Prime ministers could not be more different than Indira Gandhi and Narendra Modi; but both went crazy about bank accounts for the poor. Why? One reason for preferring bank over cash transactions is that bank accounts make it more difficult to cheat on taxes. But that cannot be the reason for pressing the poor to open bank accounts; they are not great income tax payers. The reason may be that politicians want banks to fund businesses run by the poor; then there will be fewer poor, and they will need less help from the government.

But running a business and making a profit is not easy; the poor may well borrow from banks, blow up the money and stay poor. That is what the bankers fear; that is why they have been reluctant to go anywhere near the poor, and have had to be whipped by politicians to open accounts for the poor. Why are the politicians so keen on accounts for the poor? One reason is that they want to shower gifts on the poor, and that they think the gifts are less likely to be stolen en route if they are monetized and delivered in the bank accounts of the poor. Is it any more difficult to open an account in the name of a fictitious poor woman and steal the money? No, but it would leave a trail: someone may some day find out that it was stolen, and then pursue the bank clerk and his spurious beneficiary.

There was a time, not too long ago, when politicians thought differently: they thought that if they made getting a government subsidy unpleasant enough, only the poor would bother to take it. That is how the Great and Holy Mahatma Gandhi National Rural Employment Guarantee scheme was conceived of: only poor people would go out in the hot sun and break stones all day to get a hundred Rupees a day. Only the poor would go and wait for hours for absent doctors and nurses to turn up. Worsen the quality of service enough for all but the poor to lose interest in it. The politicians were only too right: their public servants reduced the quality of service so much that no poor turned up, and they could fake the names of the poor and appropriate the entire funds. They conspired with ration shopkeepers to sell PDS grains in the market, get the subsidy on them from the government by showing them as having been sold the poor, and share it with the shopkeepers. After thousands of crores had been earned in bribes, the politicians saw sense. That is when they gave up on subsidies in kind to jobs that brought no one profit, and plumped for subsidies in cash. As I pointed out, cash subsidies are just as easy to misappropriate; but it is unprofitable to discover that, so politicians will not be in a hurry to realize this.

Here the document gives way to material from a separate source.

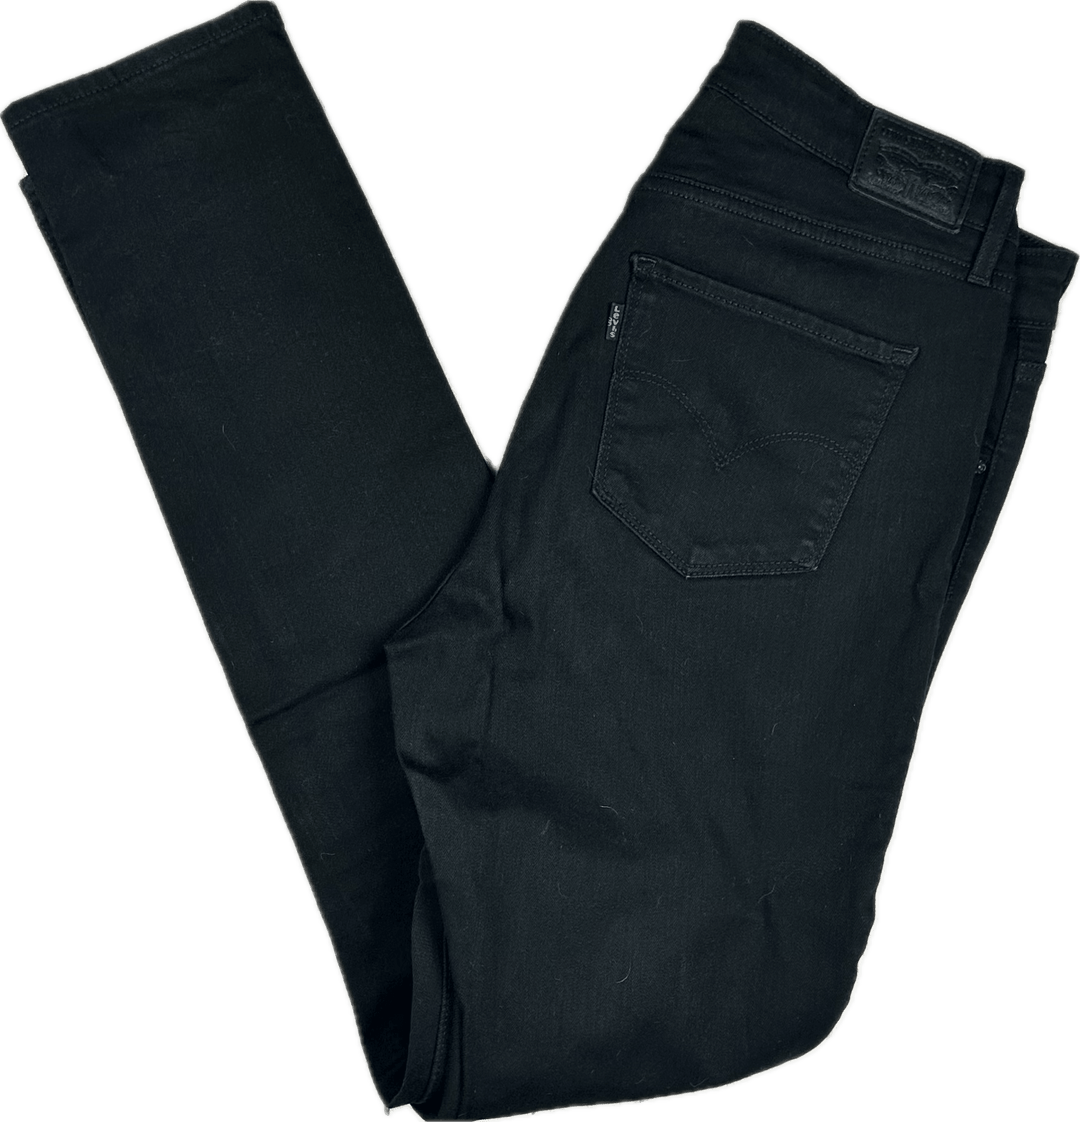 Levis 721 Ladies ' The High Rise Skinny' Black Jeans - Size 31 - Jean Pool
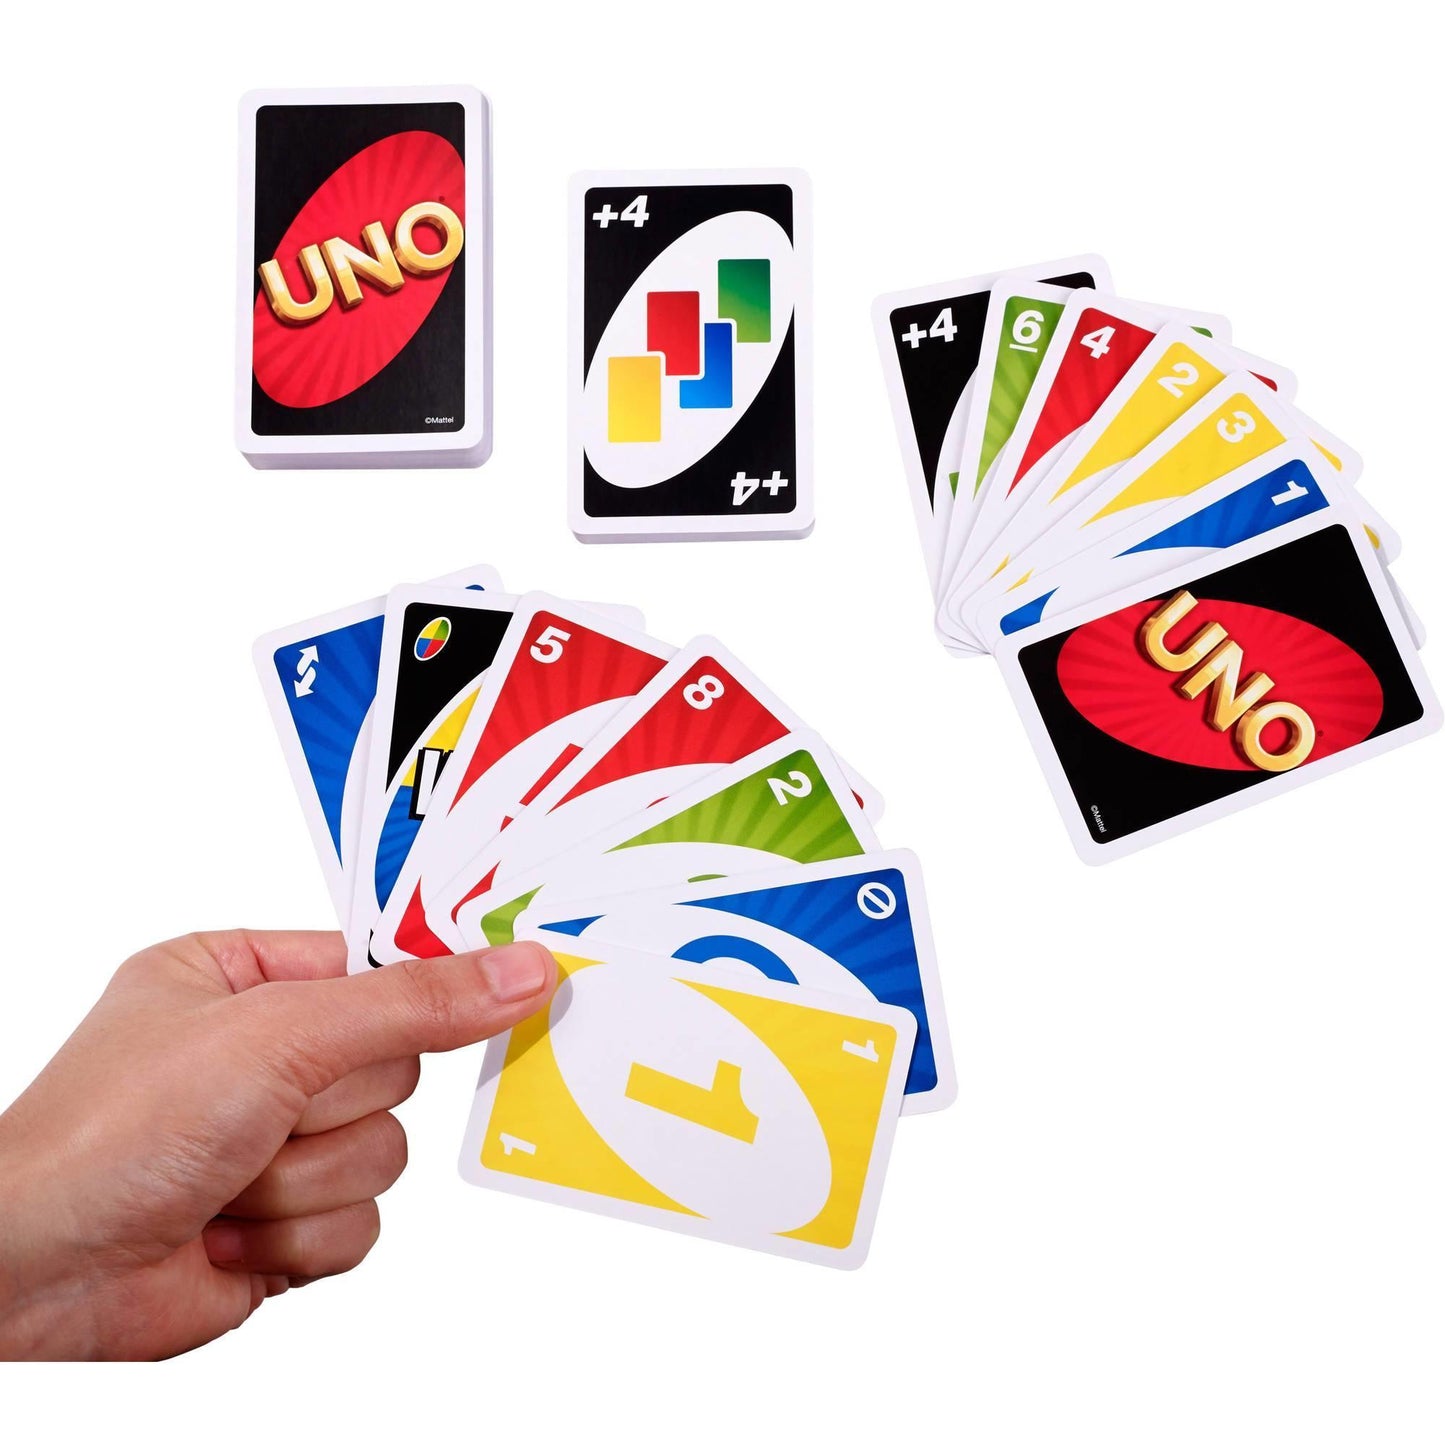 Uno - Family Games - Hugs For Kids

Suppose that politicians were to abandon populism and opportunism; are there better ways of helping the poor? I think of my friend P V Sukhatme, who was an agricultural economist. After he retired from Food and Agriculture Organization, he settled down in his native Poona, employed as cooks women who had no one to support them, set up street stalls, and sold balanced, nutritious food at a Rupee a thali. He died; Shiv Sena continues to sell Zhunkha Bhakhar on his model, but only in its strongholds to its own supporters. Sikhs routinely feed anyone who comes to a Gurdwara; the government should persuade them to feed all the poor, all over the country, at its own cost. I have myself often said that the government should give chiki – a combination of gur and chana or peanuts – a liberal subsidy; it is excellent balanced food for anyone, rich or poor.

Poverty is not a curse; most Indians are poor, and they are amongst the happiest people in the world. But poor people are often visited by distress and crisis – death of breadwinner, prolonged illness, mental stress, and so on. It is these occasional disasters that people need resources to cope with. They will have some if they save, which they may do with Jan Dhan; but they will also get it more reliably if they live in communities where friends meet them often and recognize their circumstances. Communities still survive – for instance, amongst tribes, or amongst schoolchildren. Can we extend their model to the whole society? That is the question to we should look for an answer. And that community should be Hamara Hindustan, not Hindutwit Bharat.